§ EXERCISE DETAILS: Strip out all images, then restate the data verbatim.

§ COLLECTED DATA:
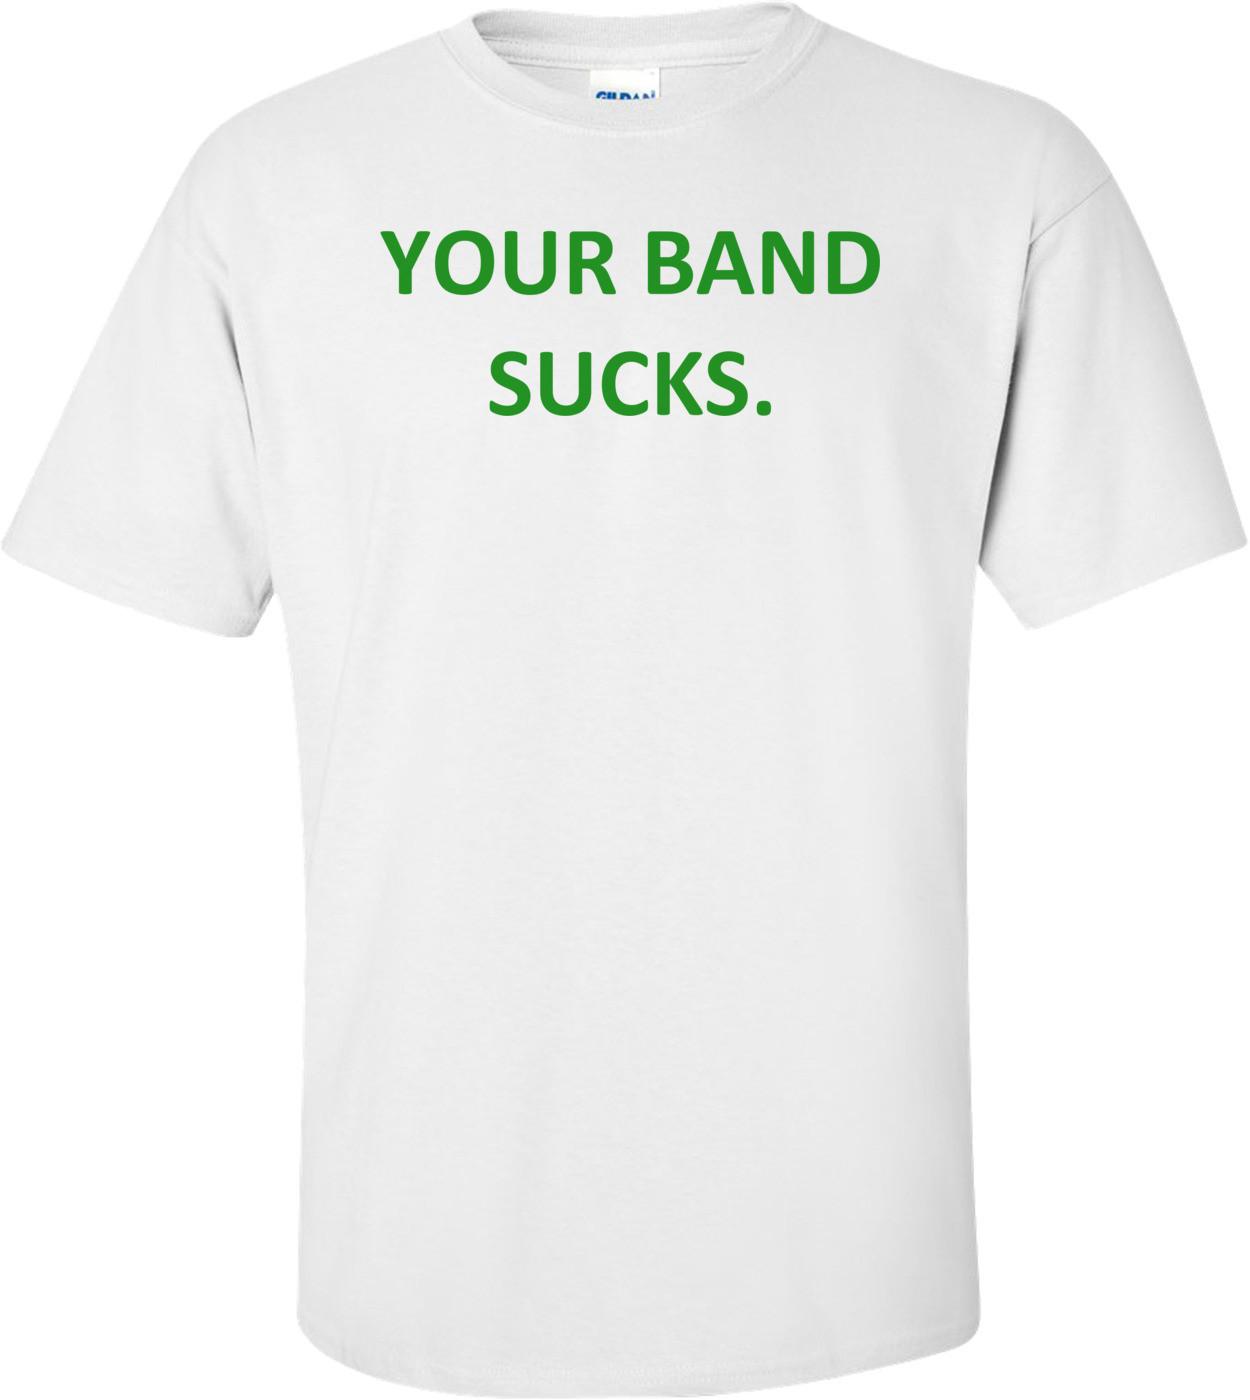 YOUR BAND SUCKS. Shirt
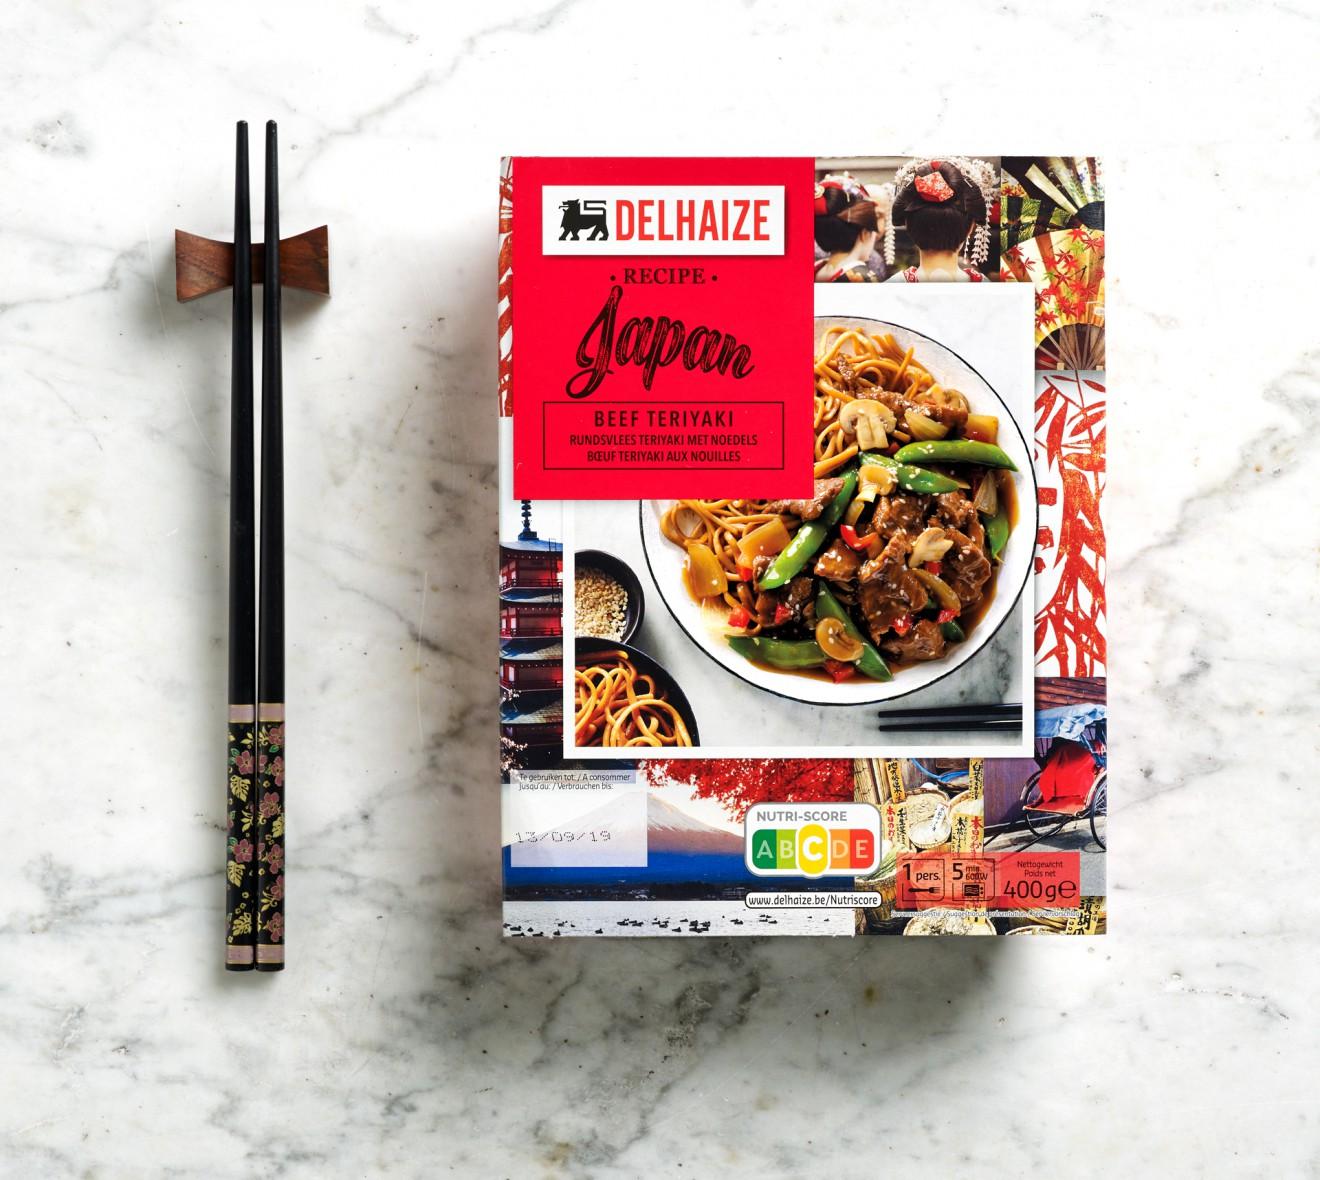 Quatre Mains package design - japan, beef teriyaki, rice
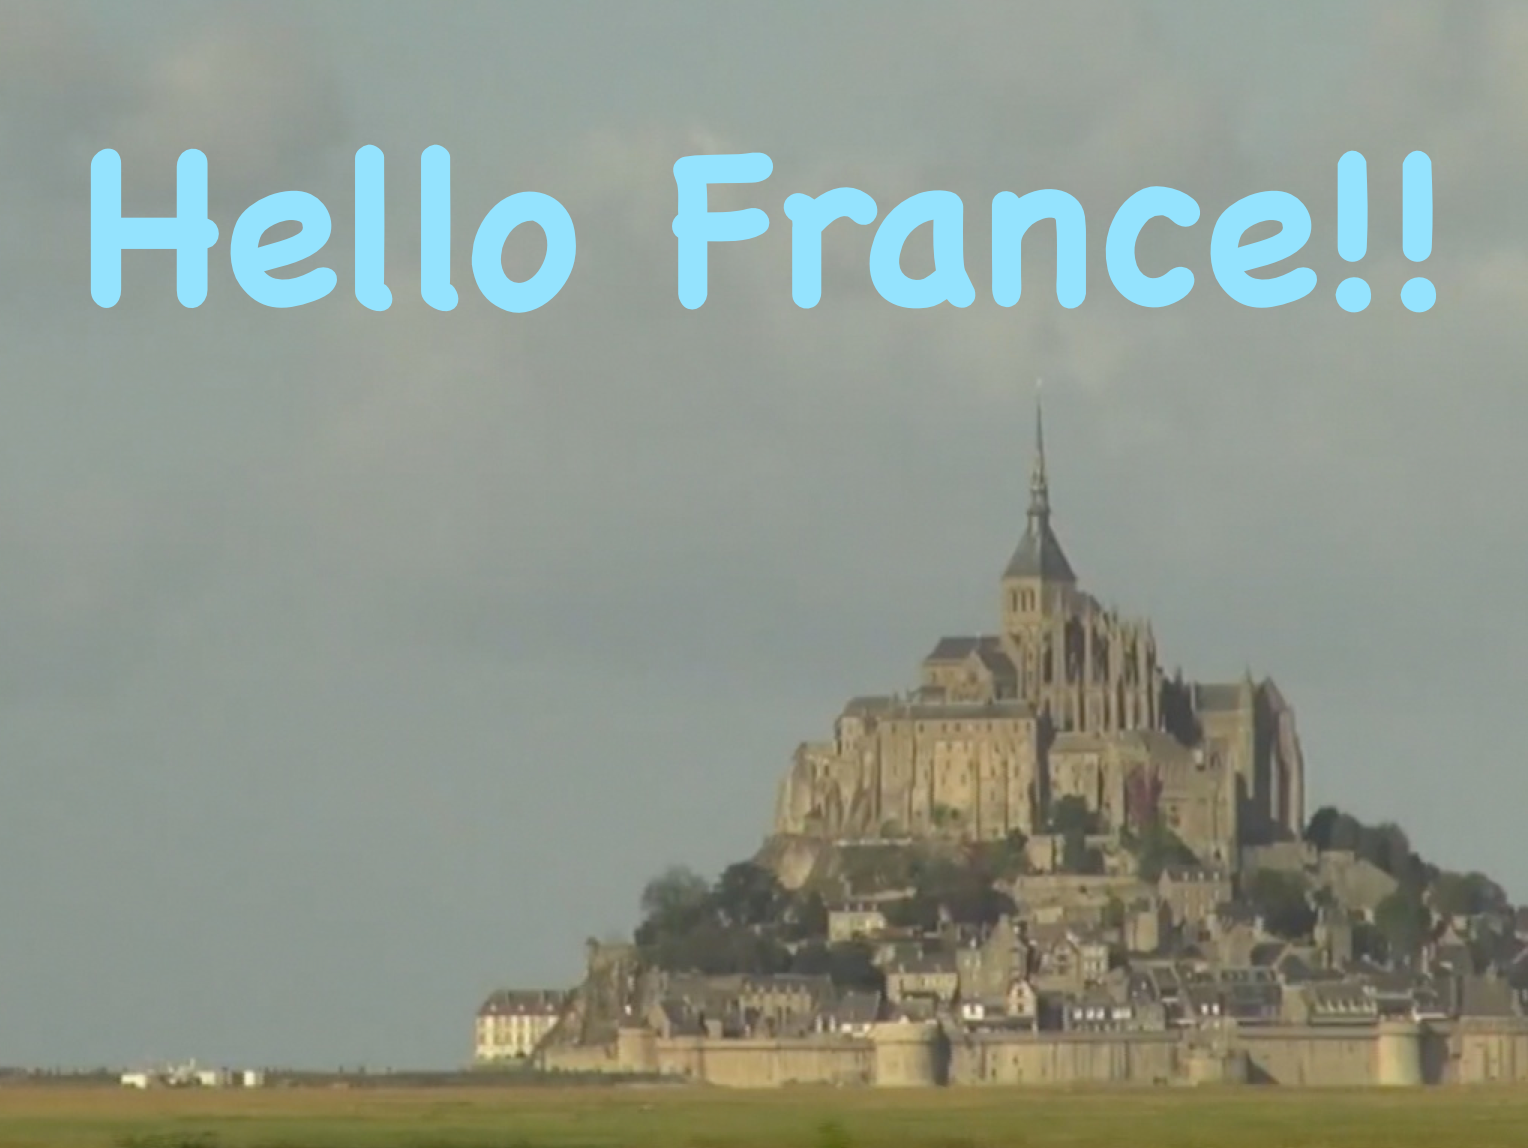 Hello France!!(モンサンミッシェル)

§ ANSWER BOX:
 YOUR BAND SUCKS. Shirt
 Quatre Mains package design - japan, beef teriyaki, rice
 Hello France!!(モンサンミッシェル)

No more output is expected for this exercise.